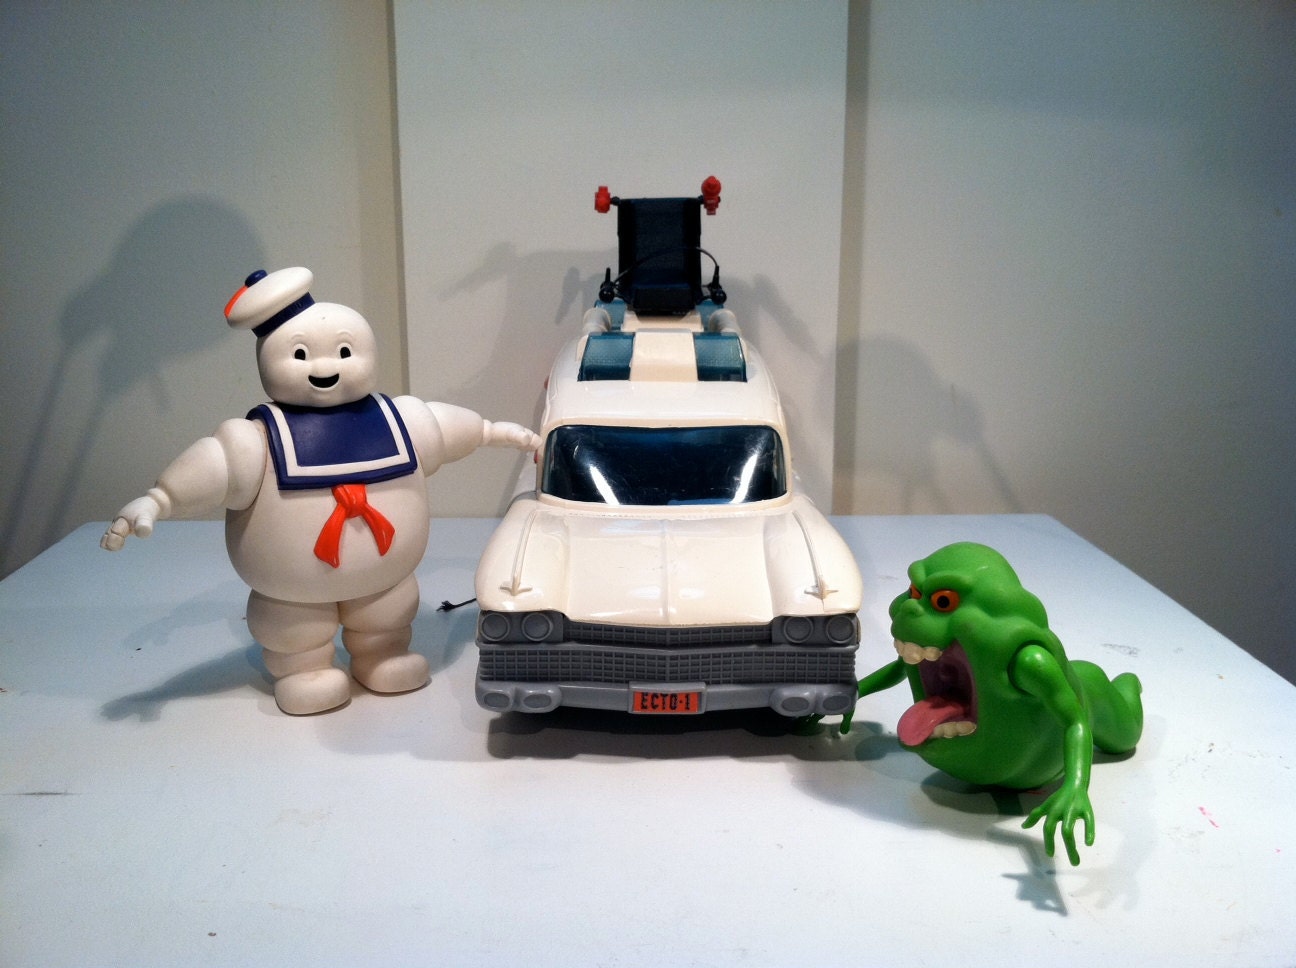 1984 vintage ghostbuster ecto 1 chair
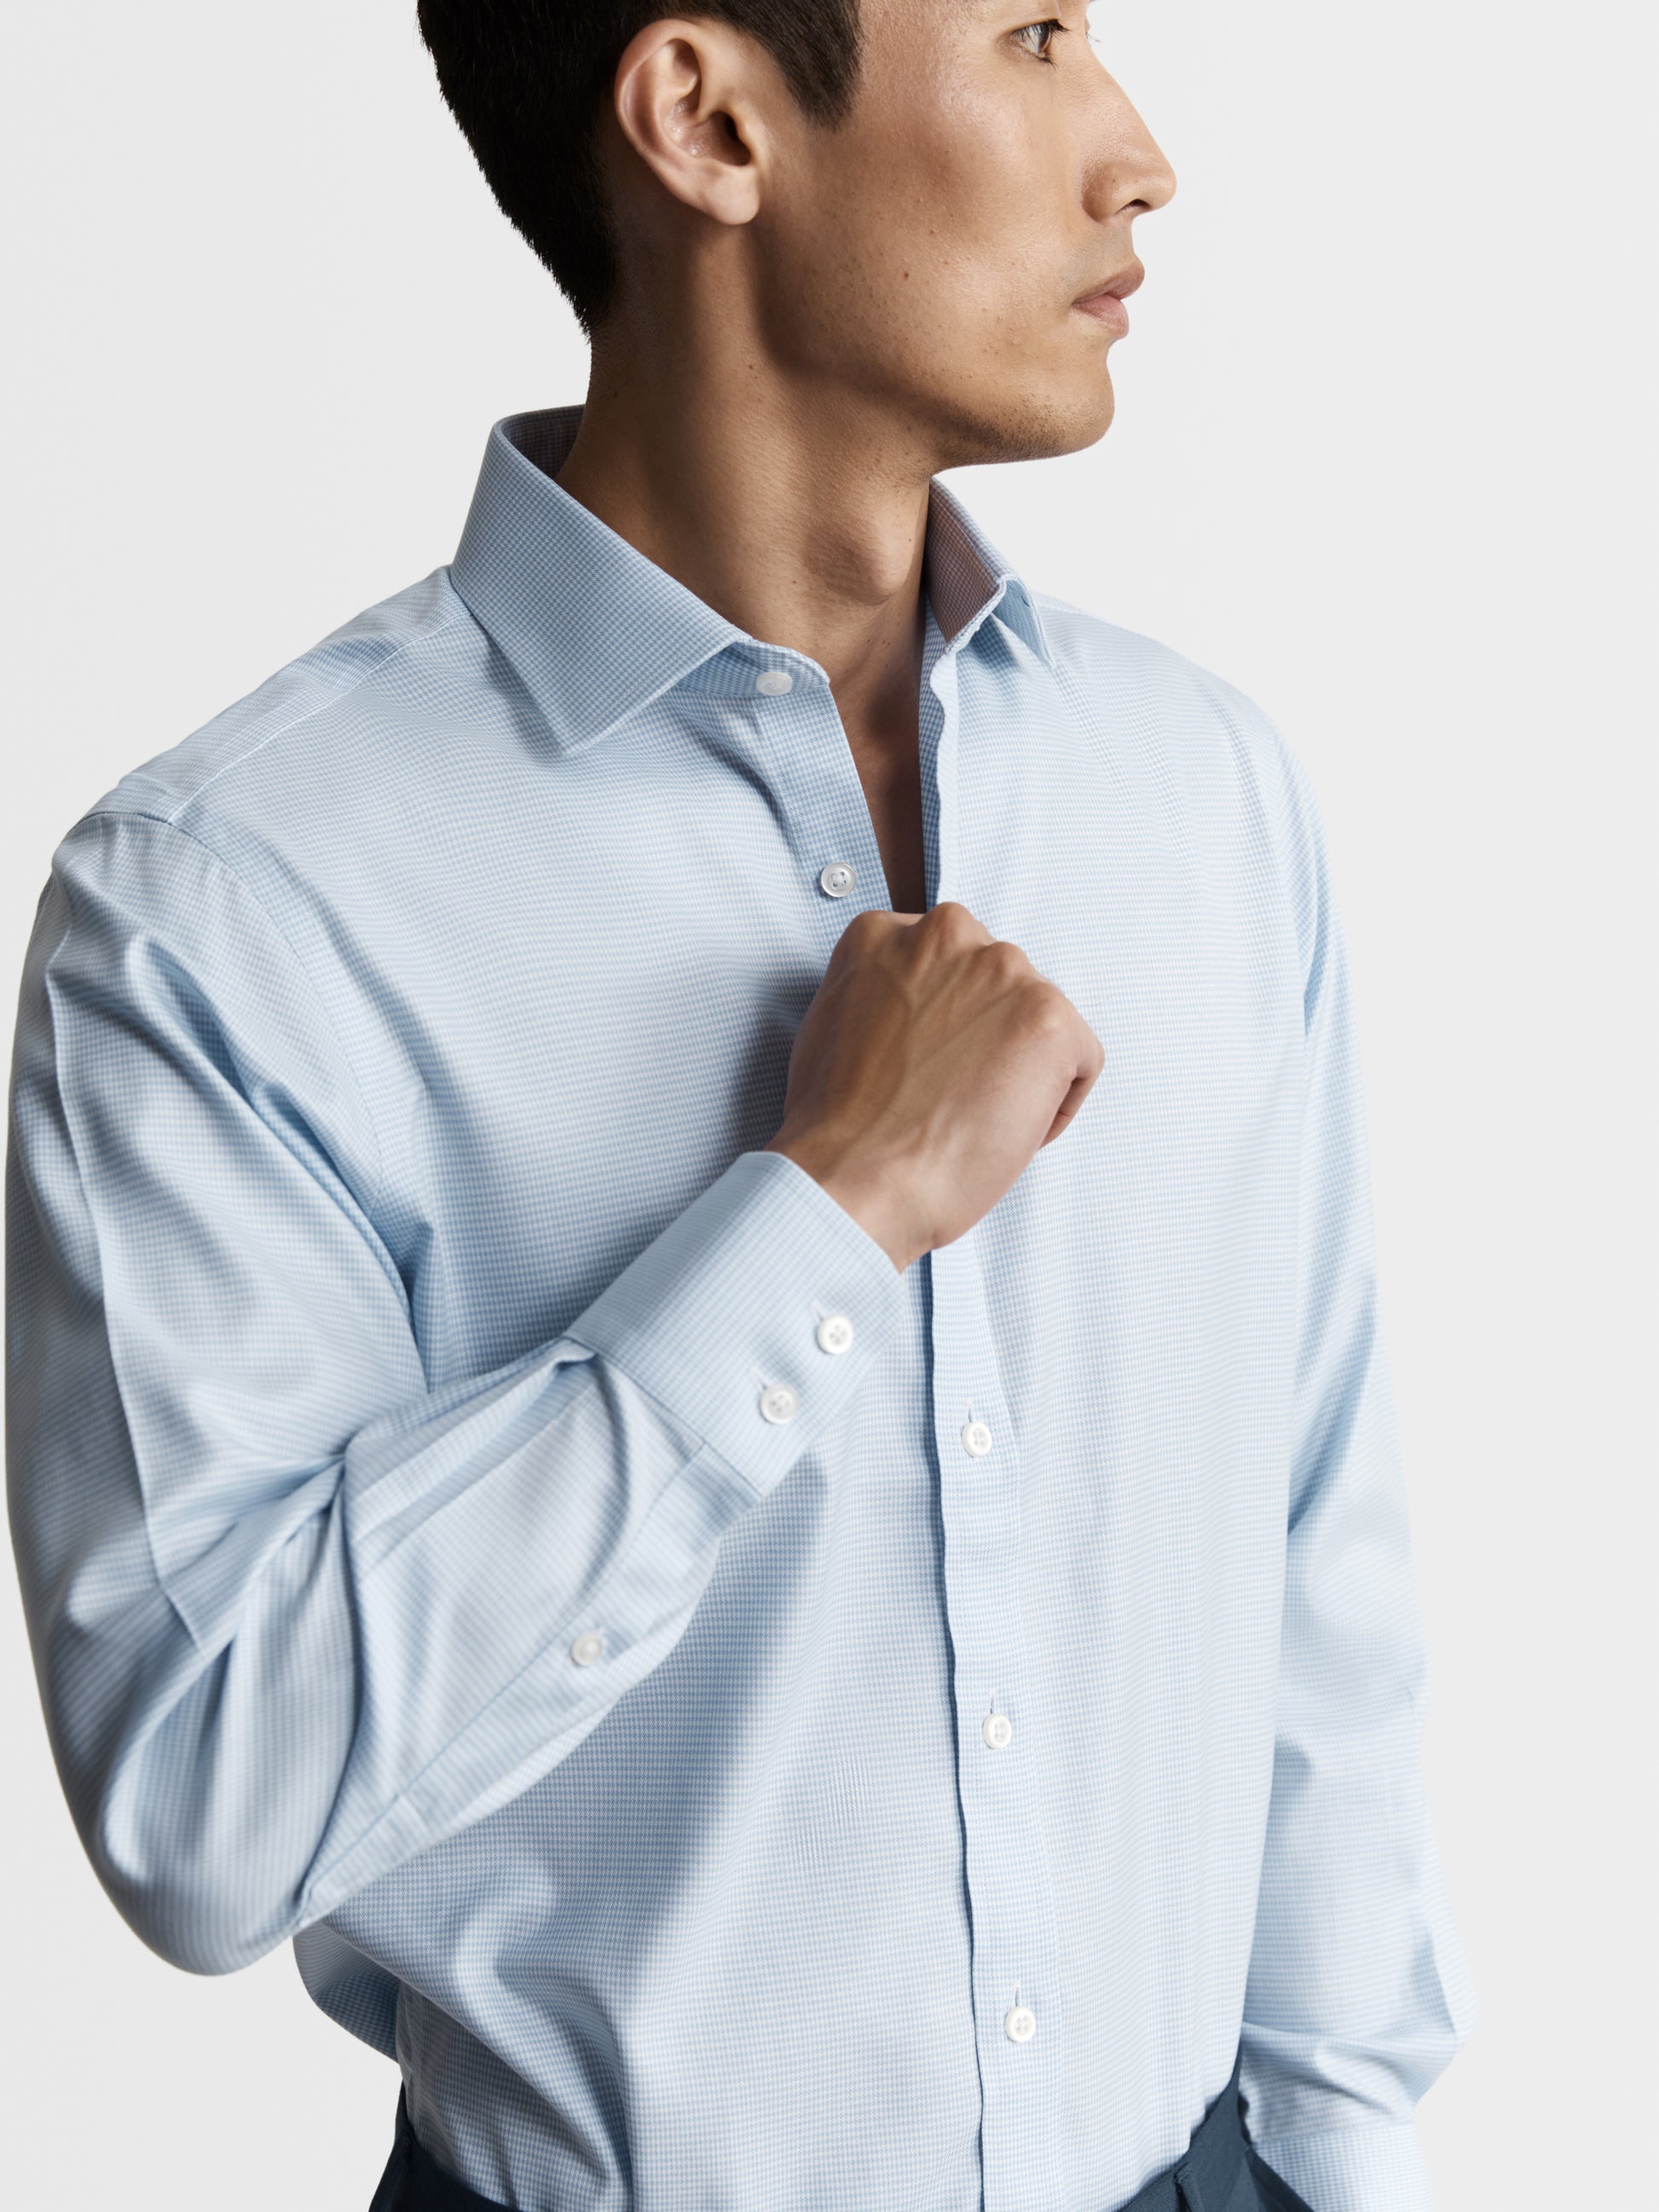 Image 2 of Non-Iron Light Blue Mini Dogtooth Plain Weave Super Fitted Single Cuff Classic Collar Shirt
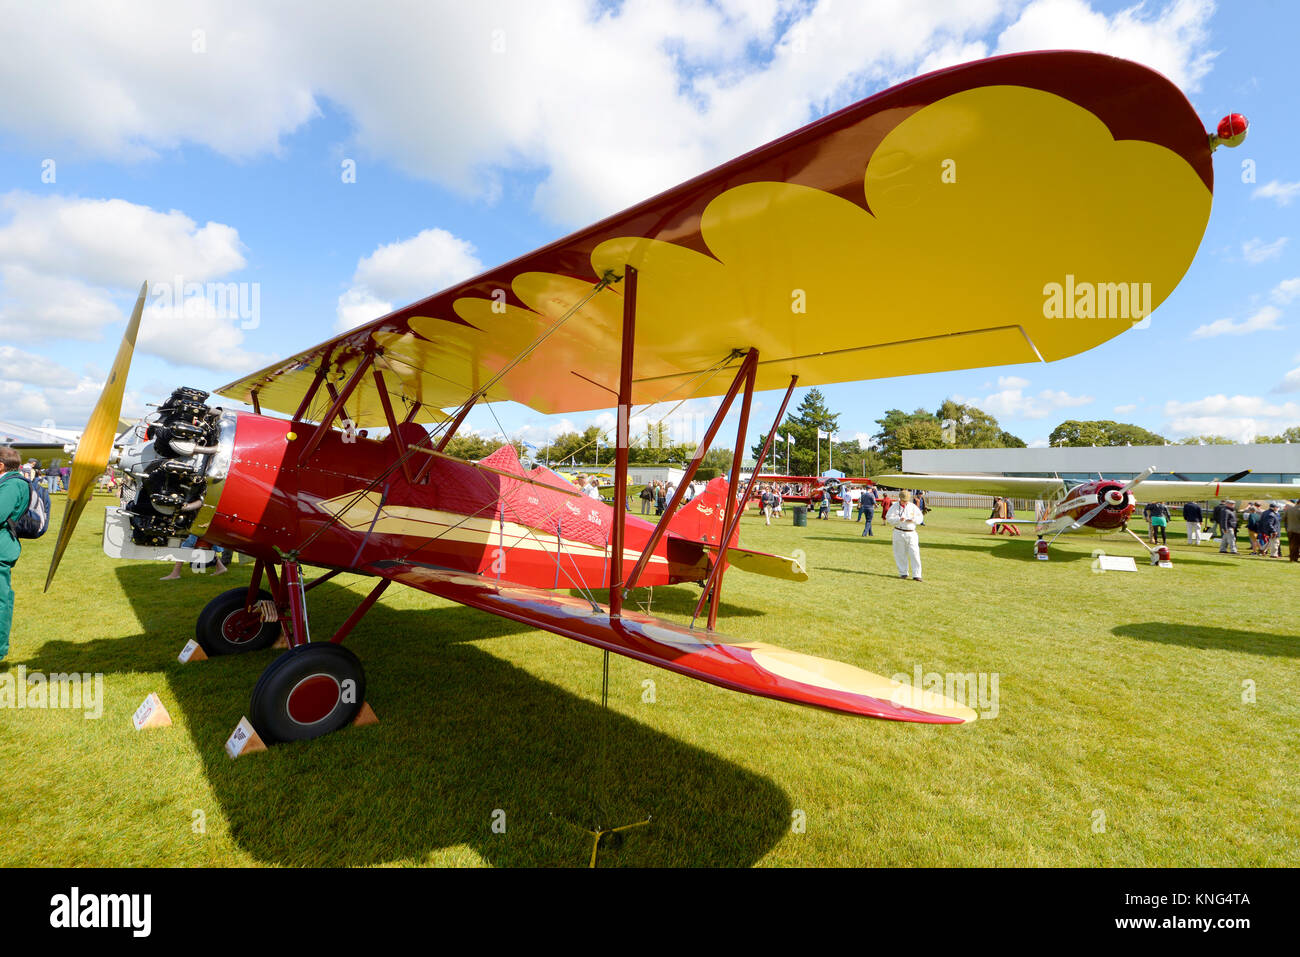 Curtiss Wright Travel Air 4000 plane NC9048 in the Freddie March Spirit of Aviation Goodwood Revival 2017 Stock Photo
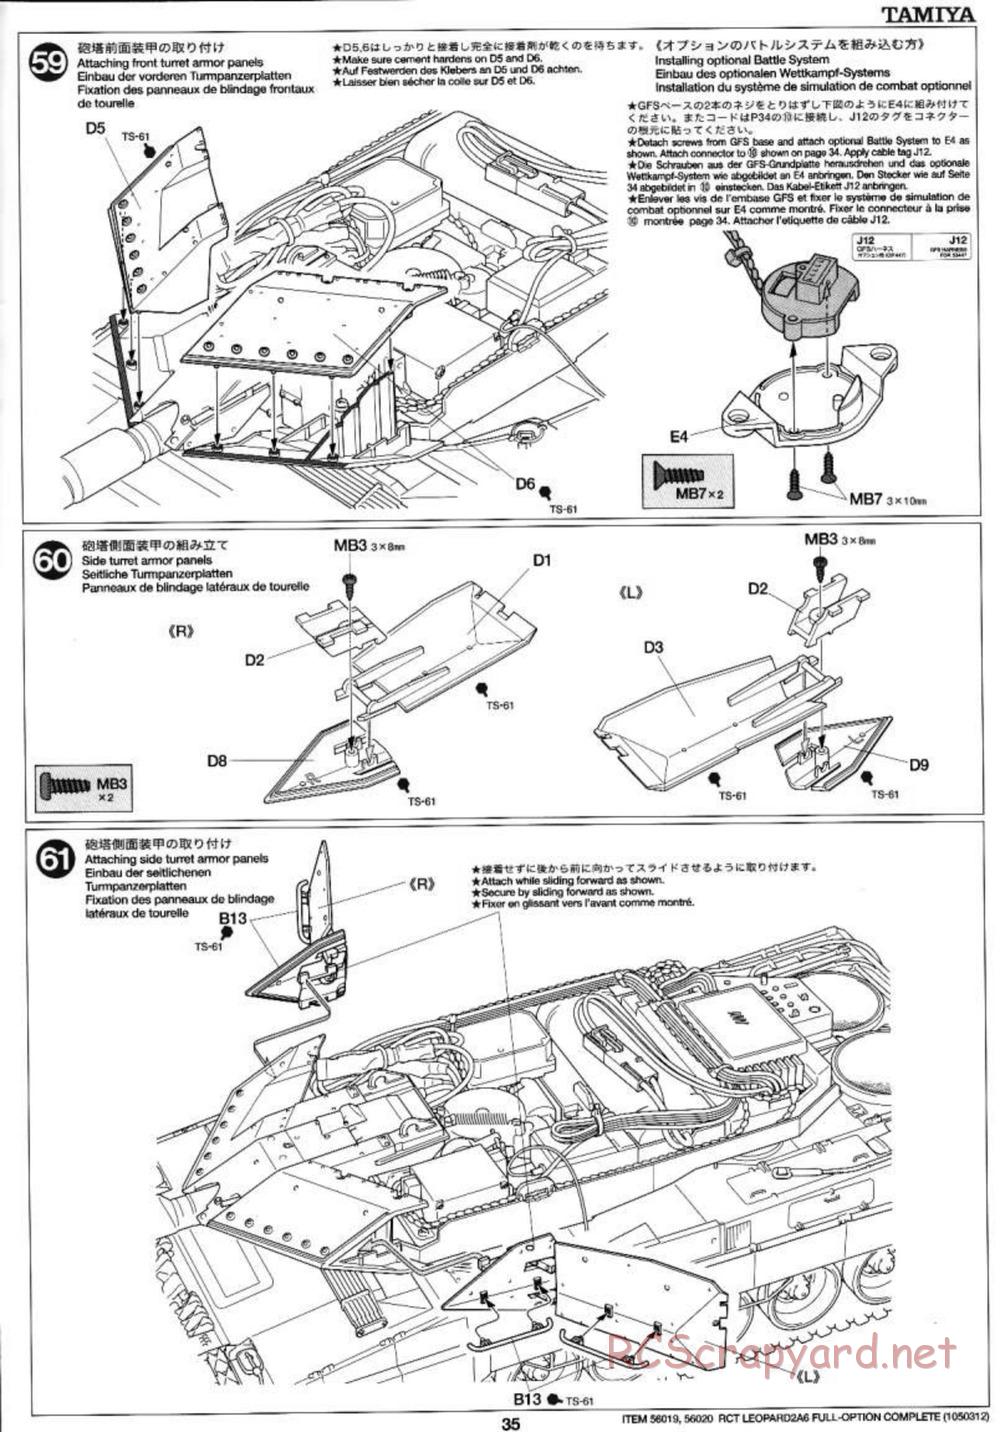 Tamiya - Leopard 2 A6 - 1/16 Scale Chassis - Manual - Page 35

******************************

* What to work on
Would you restate the listing word for word and leave every picture out?

* Response for this exercise
 1984 vintage ghostbuster ecto 1 chair
 Image 2 of Non-Iron Light Blue Mini Dogtooth Plain Weave Super Fitted Single Cuff Classic Collar Shirt
 Curtiss Wright Travel Air 4000 plane NC9048 in the Freddie March Spirit of Aviation Goodwood Revival 2017 Stock Photo
 Tamiya - Leopard 2 A6 - 1/16 Scale Chassis - Manual - Page 35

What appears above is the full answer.